Rachel Maddow & Jon Stewart. Ted Koppel & Keith Olbermann. Major names grapple with weighty topics. What is the distinction between opinionated journalism and political satire? Are FOX News Channel and MSNBC symmetrical or is that a false equivalence? What should the balance be on cable TV news between journalistic commentary and objective journalism? And is there such a thing as objective journalism in the first place?

Big thoughts. Thoughts that make one's brain hurt.

Here are the original texts:

MSNBC's Maddow invited The Daily Show's Stewart for a 50-minute one-on-one interview about his Rally to Restore Sanity on the DC Mall and the critique of cable TV news for its political polarization that he made there.

Koppel wrote an op-ed for Washington Post in which he singled out the opinionated journalism of MSNBC's Olbermann and FNC's Bill O'Reilly as egregious examples of what ails contemporary TV news, with its drive for profits and its neglect for fact-gathering. He dismissed Olbermann as "avowedly, unabashedly and monotonously partisan."

Olbermann responded in a Special Comment on MSNBC's Countdown criticizing Koppel's so-called objective style of journalism for what he saw as TV news' most catastrophic recent failure, its credulous coverage of the case for the invasion of Iraq and the conduct of its occupation between 2002 and 2005.

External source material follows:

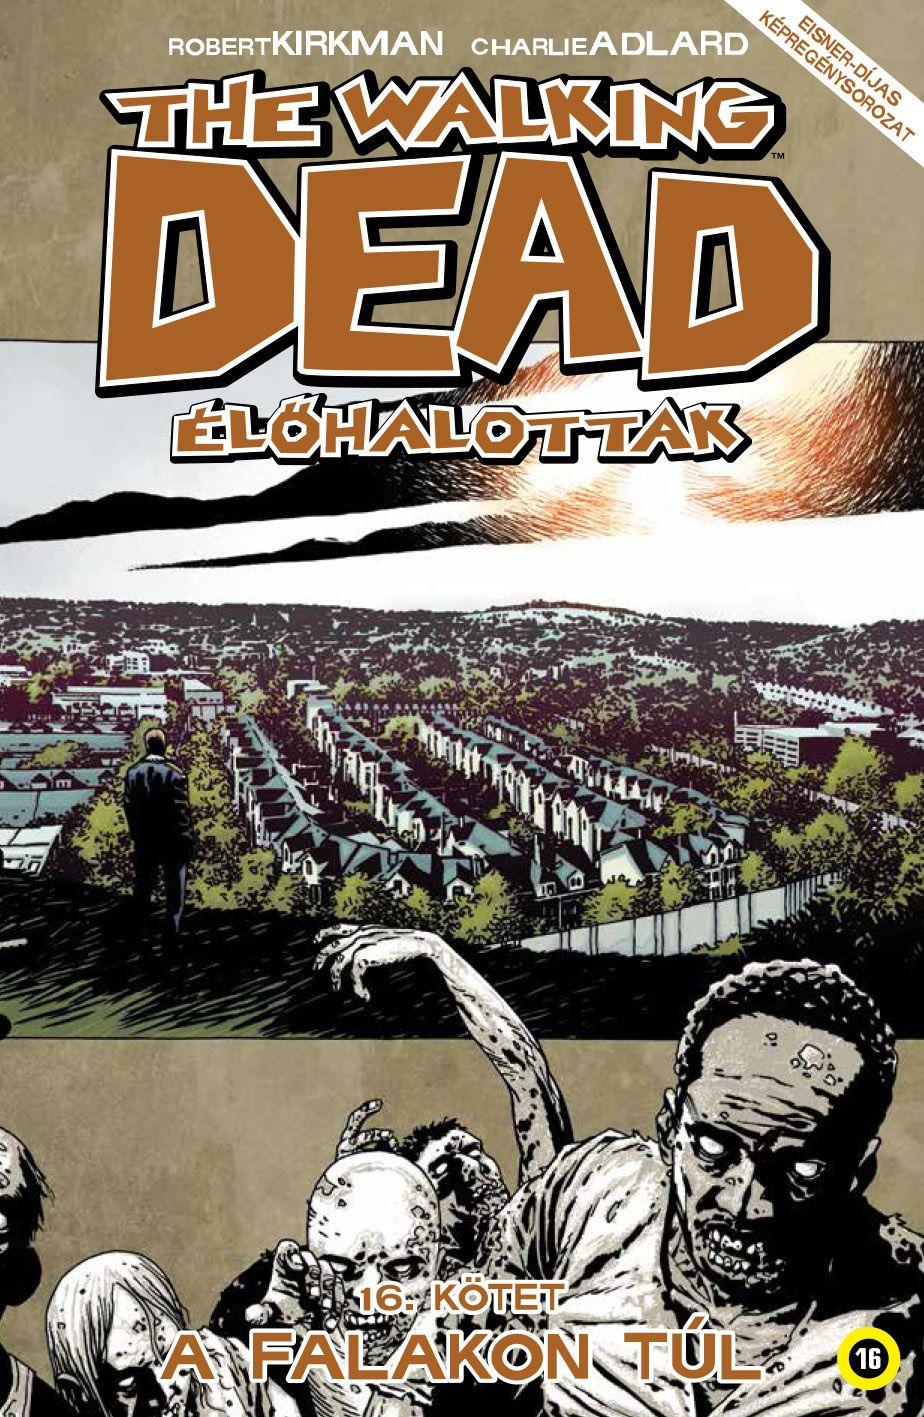 Robert Kirkman (szerző), Charlie Adlard (illusztrátor) - The Walking Dead - Élőhalottak 16. - A falakon túl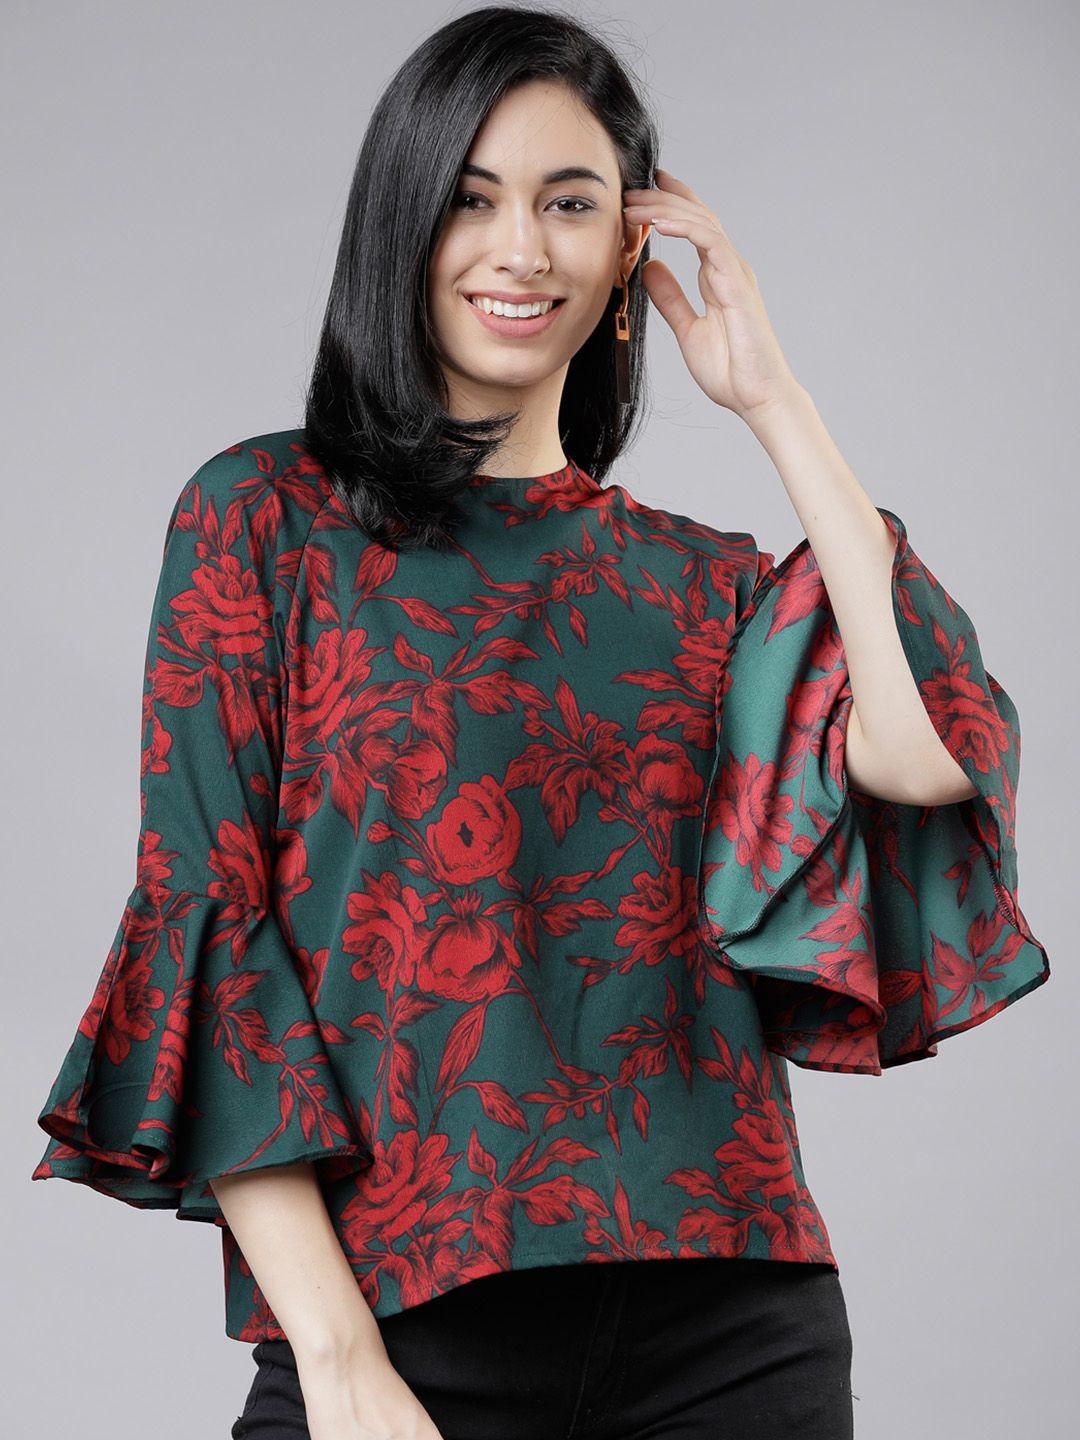 tokyo talkies women teal floral printed a-line top

Here is a trio of aftermatter:

BuzzMachine's Jeff Jarvis appears on npr's Talk of the Nation to argue with Koppel. Jarvis rejects Koppel's either/or argument that opinionated commentary supplants objective fact-gathering. Jarvis asserts that as the Internet supersedes television (both broadcast and cable), viewers have access to both more opinions and more reporting from the field than they ever had during Koppel's heyday.

Media Decoder offers a discussion between The New York Times' media columnist David Carr and its media reporter Brian Stelter on Olbermann's observation that Walter Cronkite and Edward Murrow, the icons of broadcast TV news' so-called objective era, achieved most impact as journalists when they became commentators. Carr pointed out that the power of their commentary derived from the fact that it was occasional; Olbermann's is continual.

Jay Rosen at PressThink ruminates about Maddow and Stewart over a glass of Johnnie Walker Black. He picks up on Stewart's suggestion that cable TV news should stop filtering its political coverage through a partisan prism--left-vs-right, blue-vs-red, liberal-vs-conservative—and should adopt a new template, virtue-vs-corruption: what is salubrious for the body politic and what causes it harm?